* [GIVEN DATA]:

▼

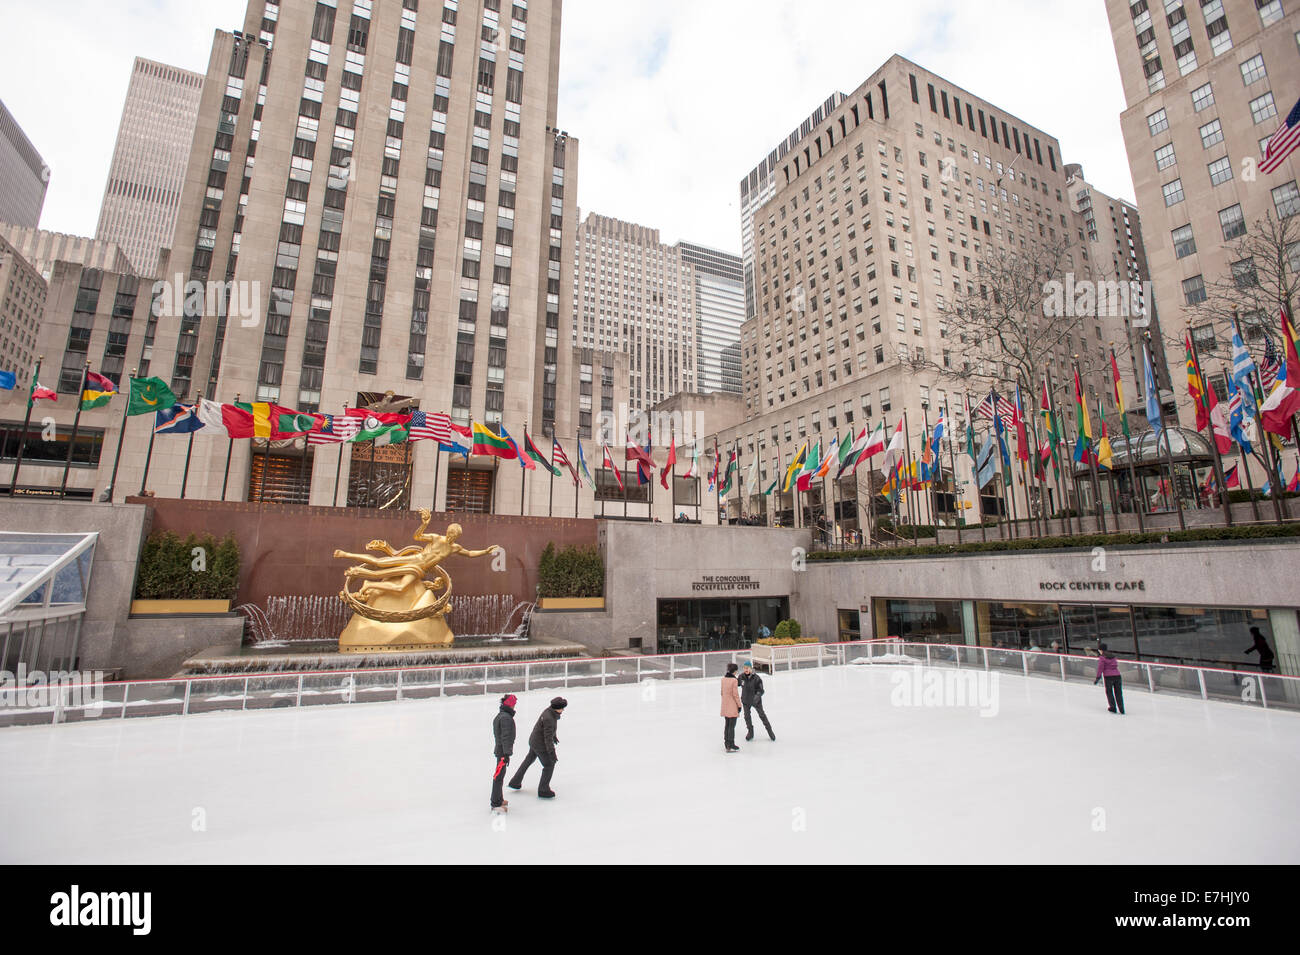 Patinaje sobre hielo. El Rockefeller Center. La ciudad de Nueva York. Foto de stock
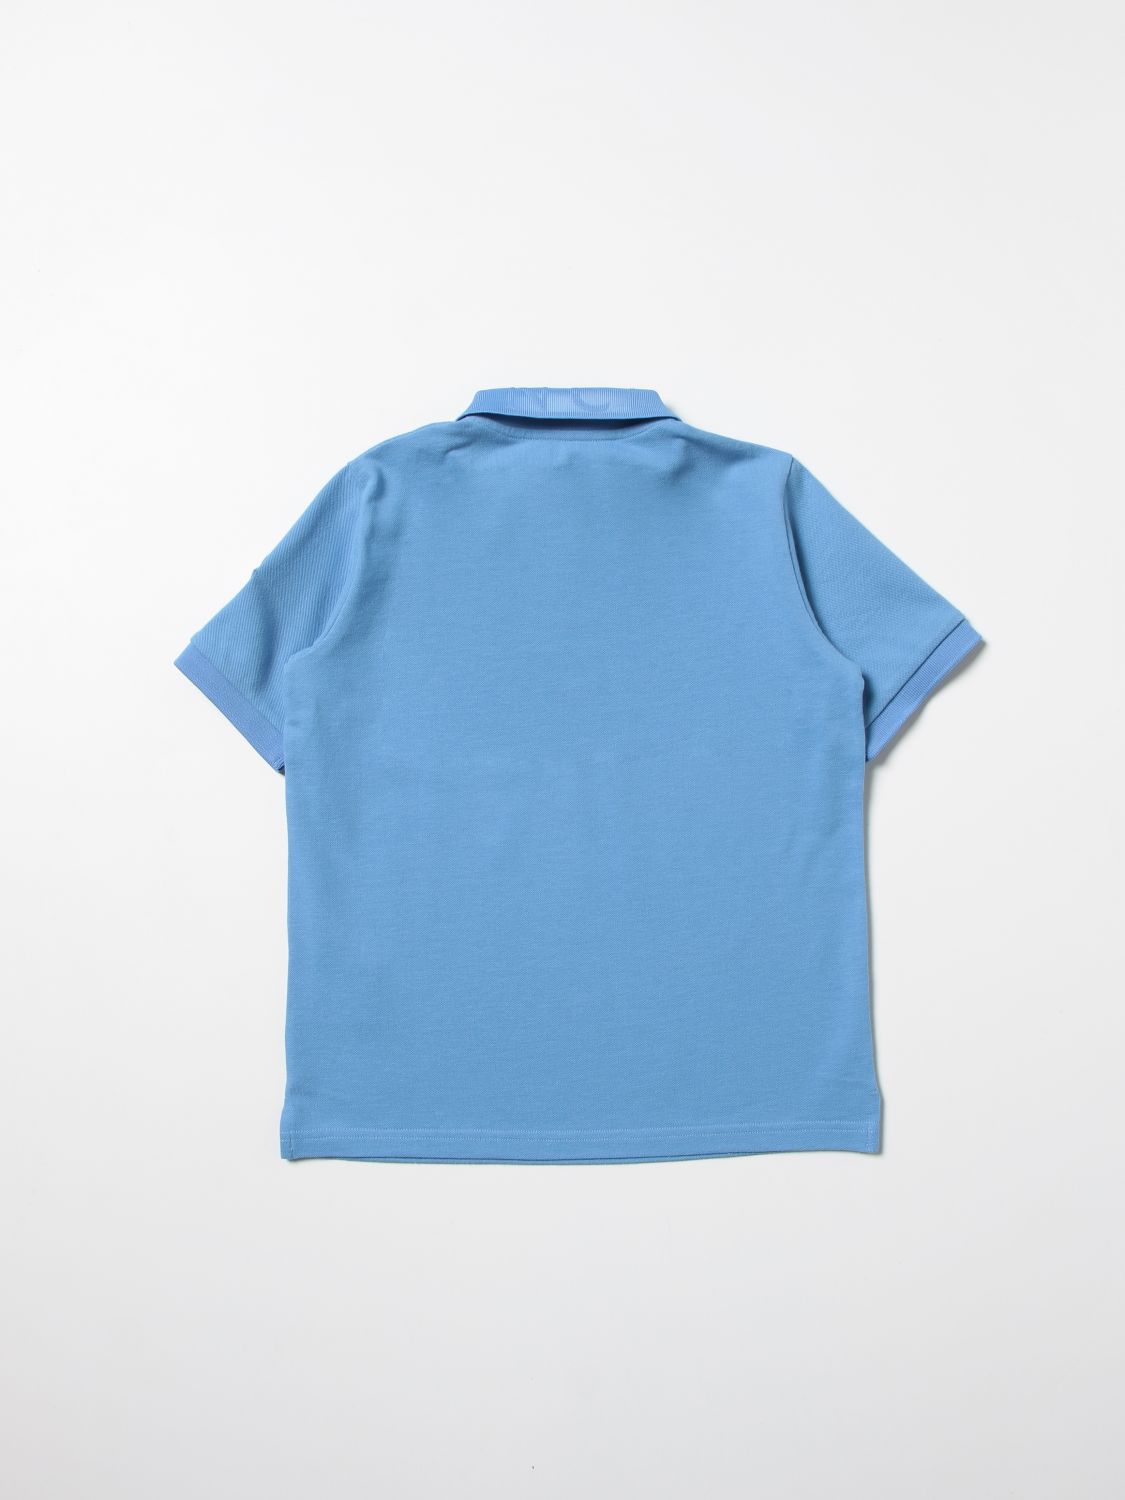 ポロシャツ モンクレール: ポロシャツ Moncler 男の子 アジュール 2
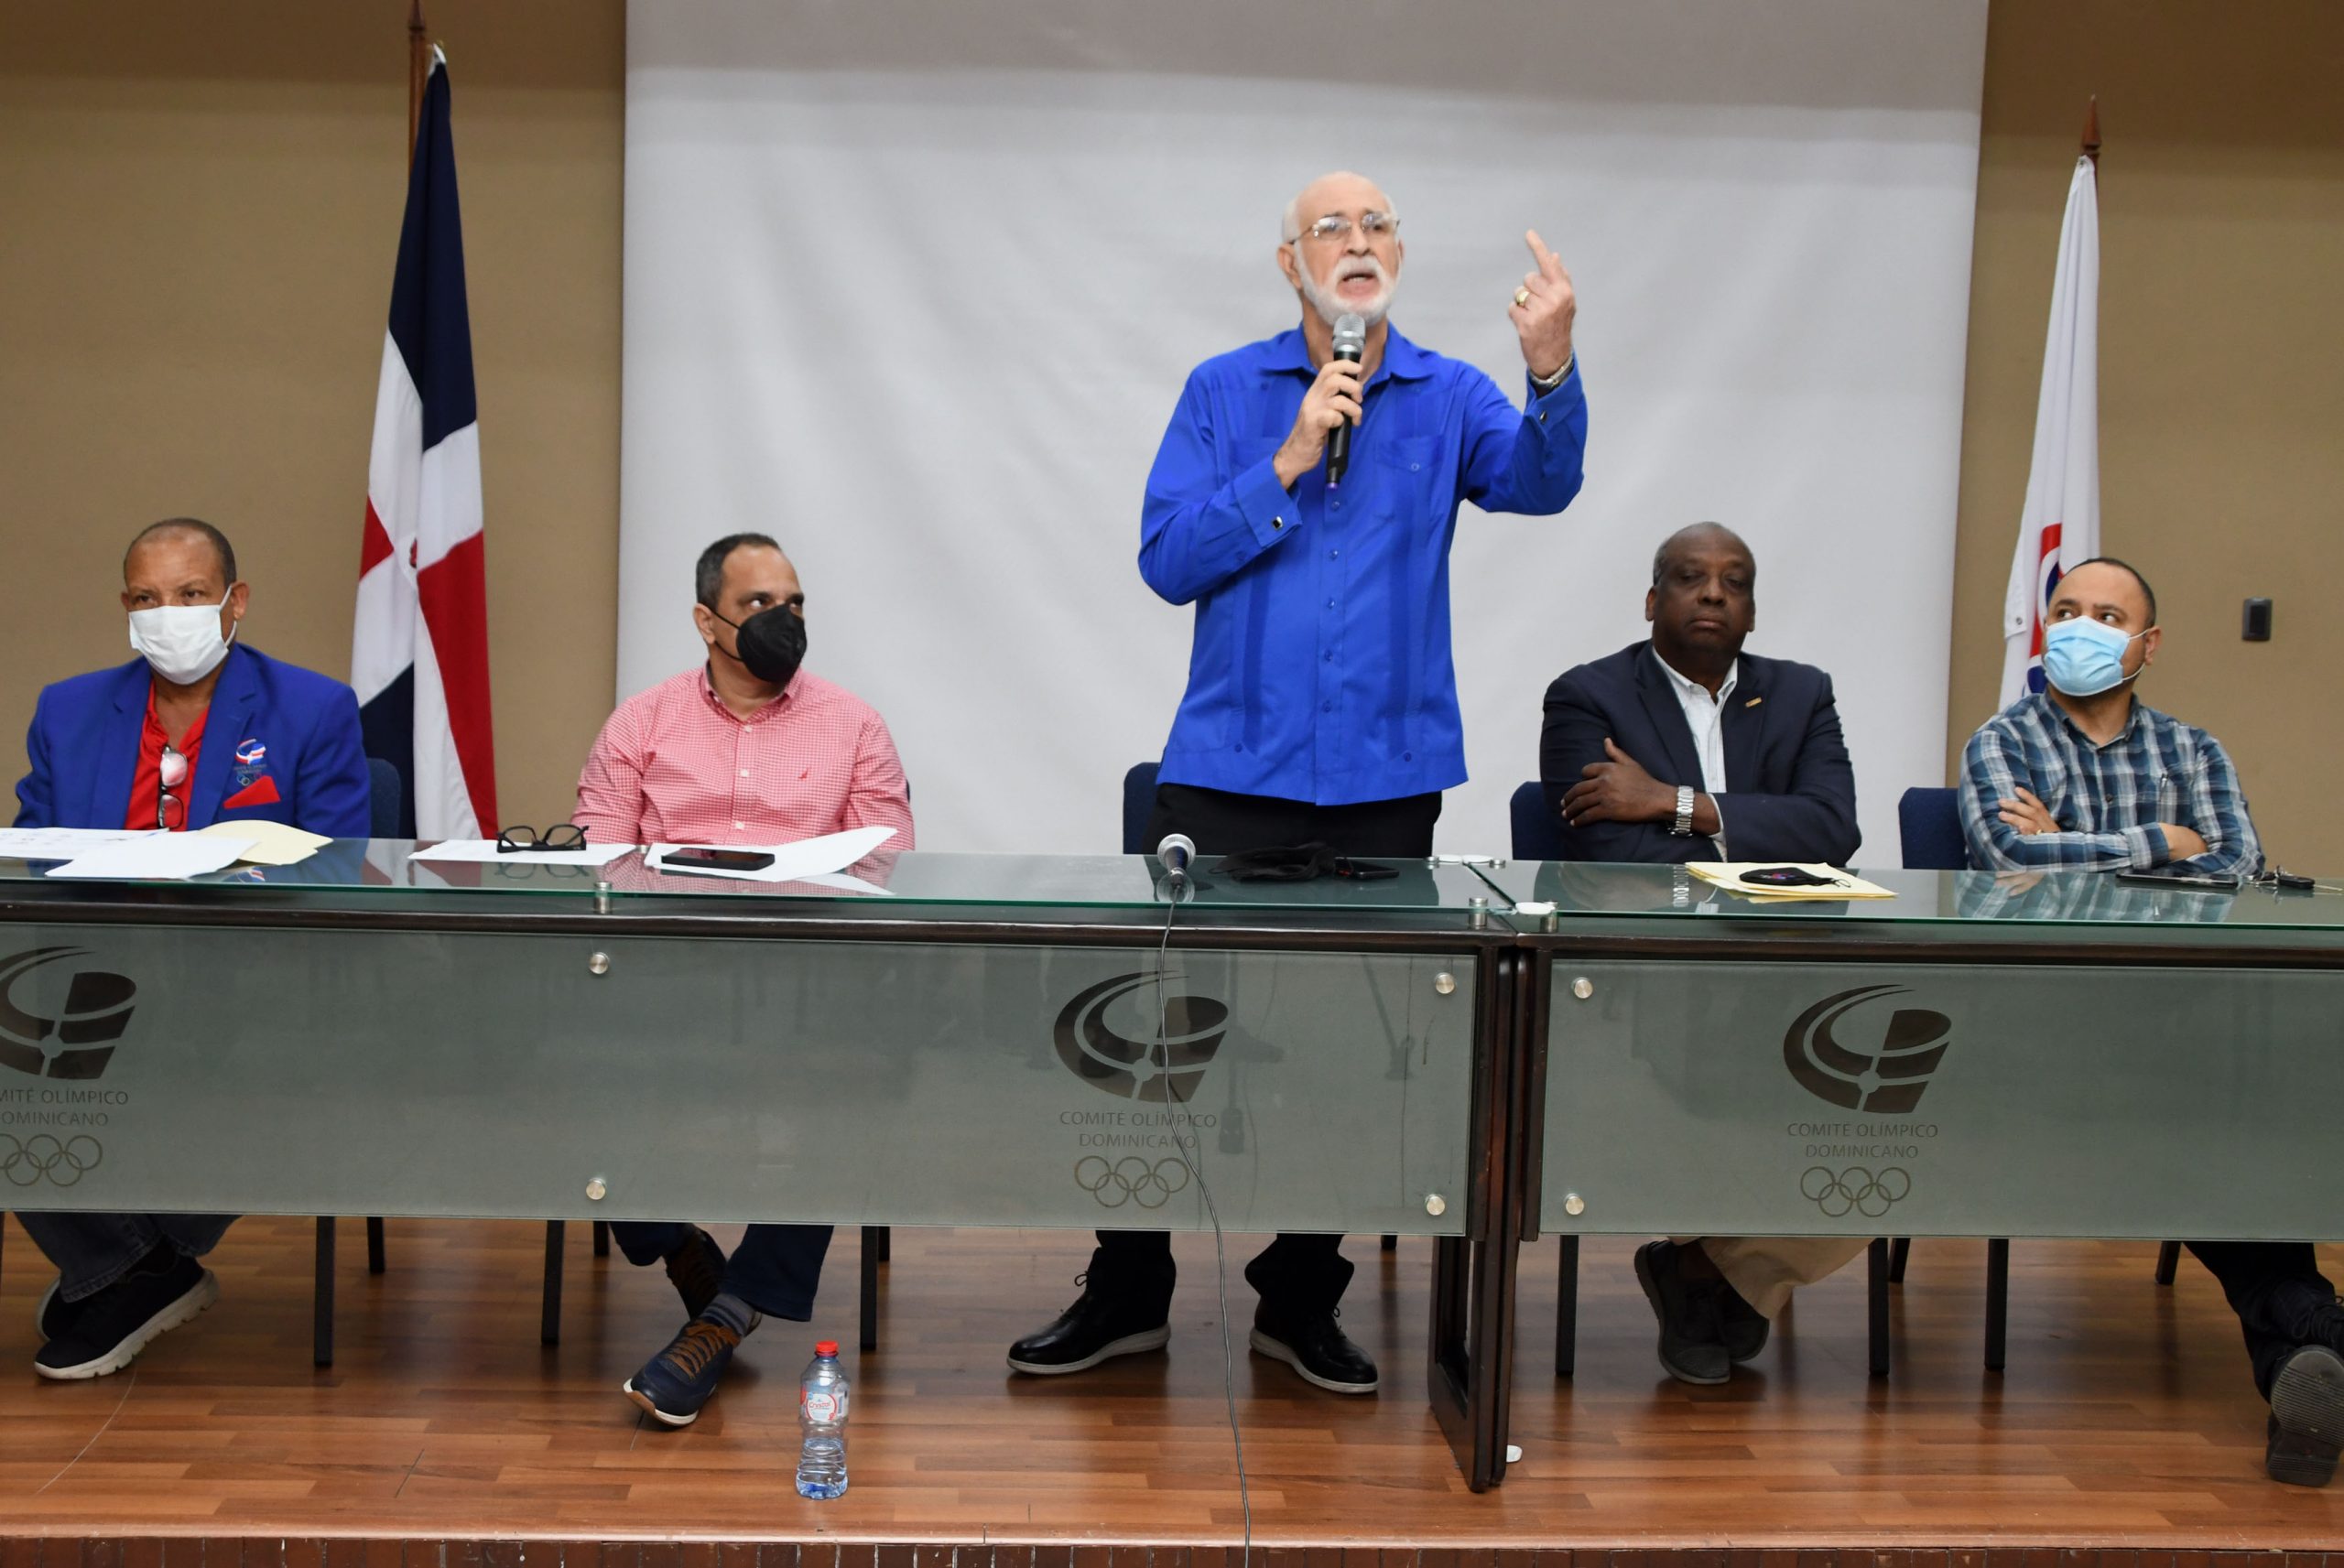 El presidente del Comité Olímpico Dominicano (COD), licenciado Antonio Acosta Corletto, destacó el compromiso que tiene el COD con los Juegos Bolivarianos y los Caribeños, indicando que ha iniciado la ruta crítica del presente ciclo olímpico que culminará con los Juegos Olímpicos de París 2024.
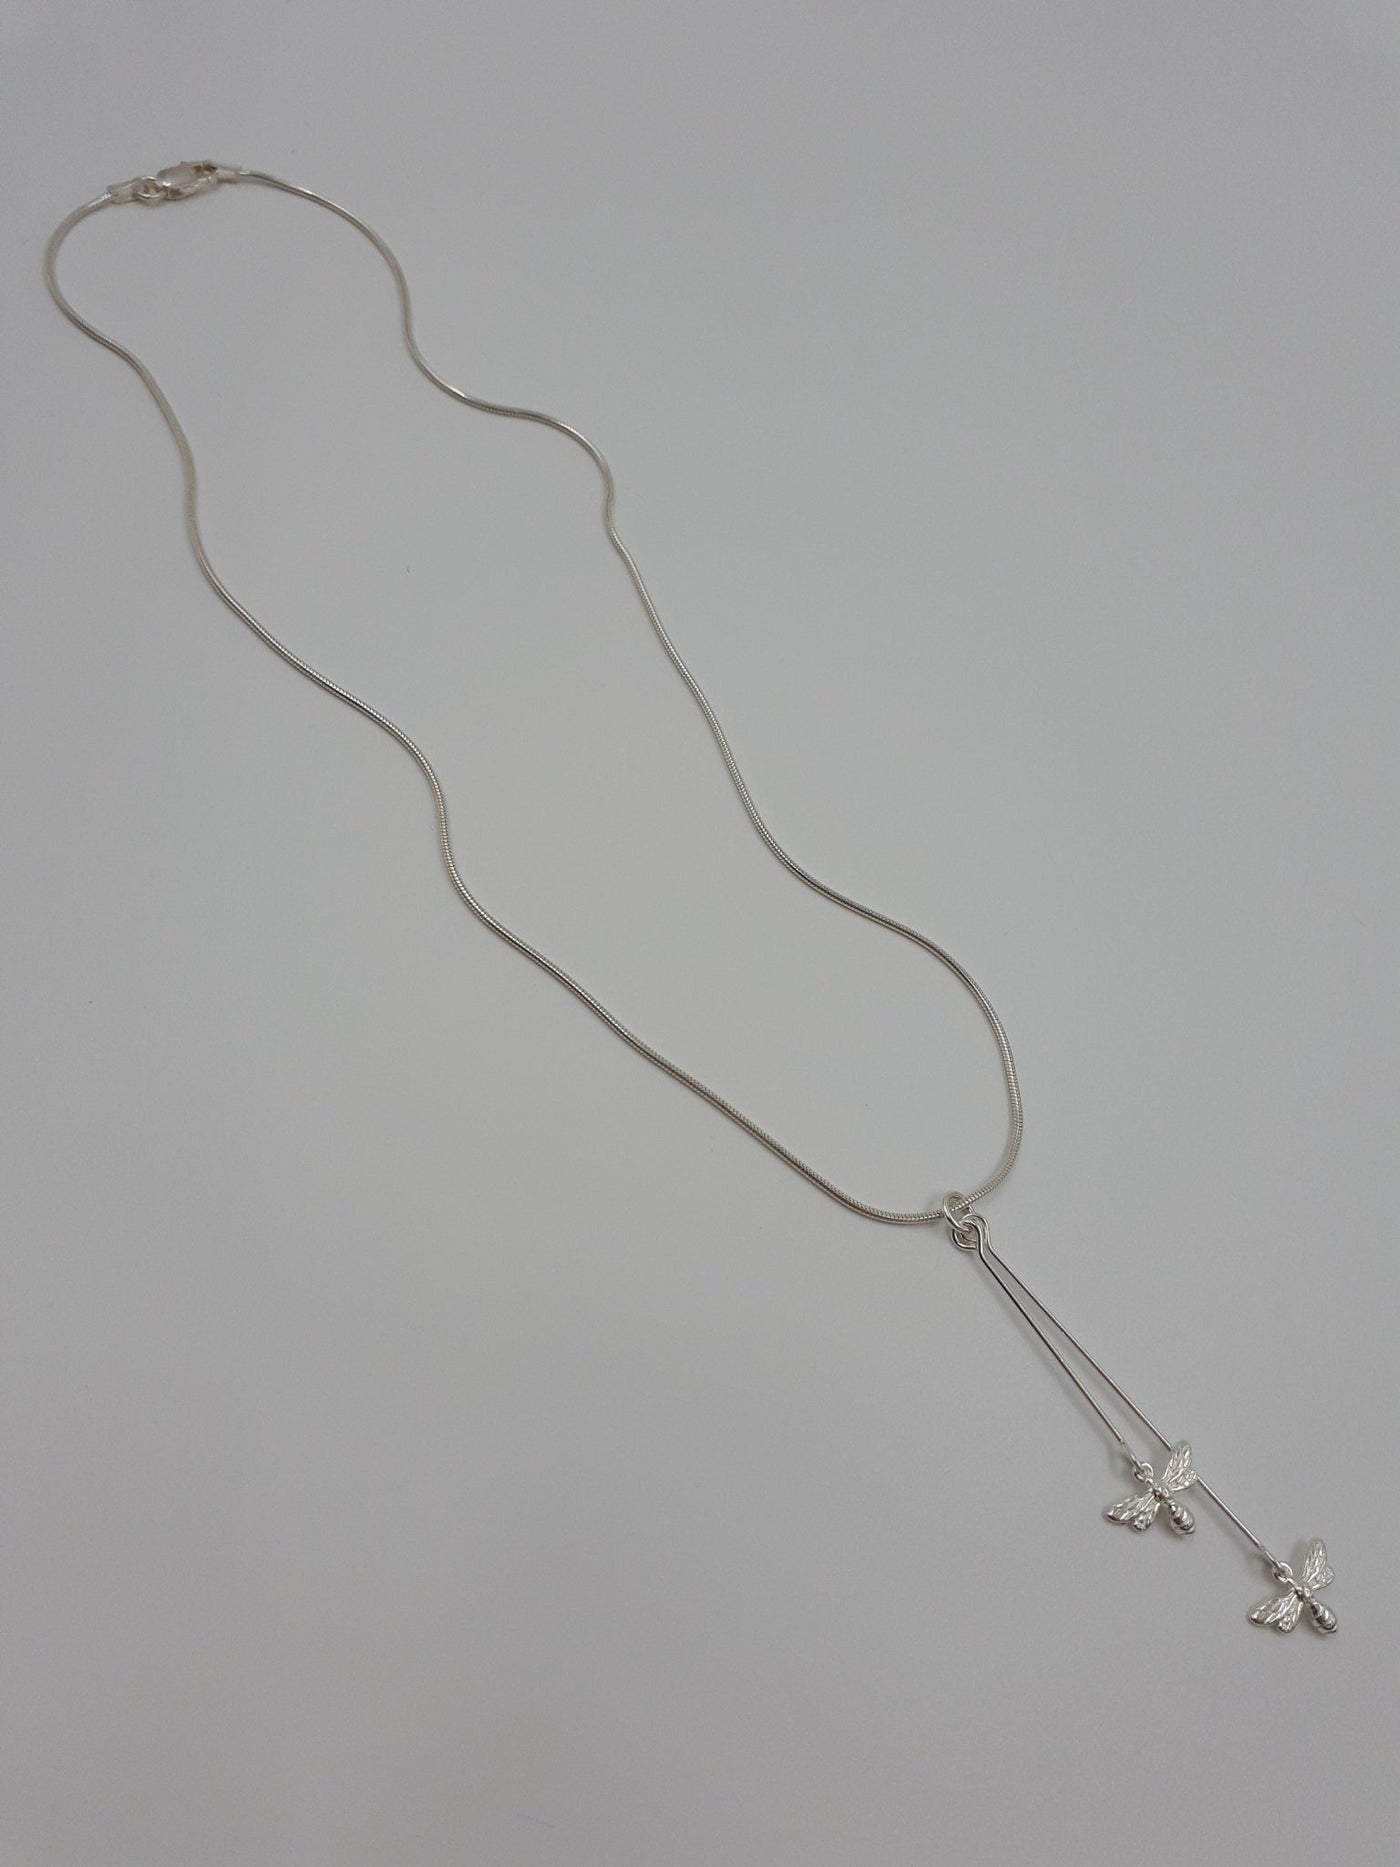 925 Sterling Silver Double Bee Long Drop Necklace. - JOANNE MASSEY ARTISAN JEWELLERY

▲

* [TASK TO COMPLETE]: Reproduce the whole listing word for word, setting aside any pictures.

* [REPLY TO THE EXERCISE]:
 Patinaje sobre hielo. El Rockefeller Center. La ciudad de Nueva York. Foto de stock
 ポロシャツ モンクレール: ポロシャツ Moncler 男の子 アジュール 2
 El presidente del Comité Olímpico Dominicano (COD), licenciado Antonio Acosta Corletto, destacó el compromiso que tiene el COD con los Juegos Bolivarianos y los Caribeños, indicando que ha iniciado la ruta crítica del presente ciclo olímpico que culminará con los Juegos Olímpicos de París 2024.
 925 Sterling Silver Double Bee Long Drop Necklace. - JOANNE MASSEY ARTISAN JEWELLERY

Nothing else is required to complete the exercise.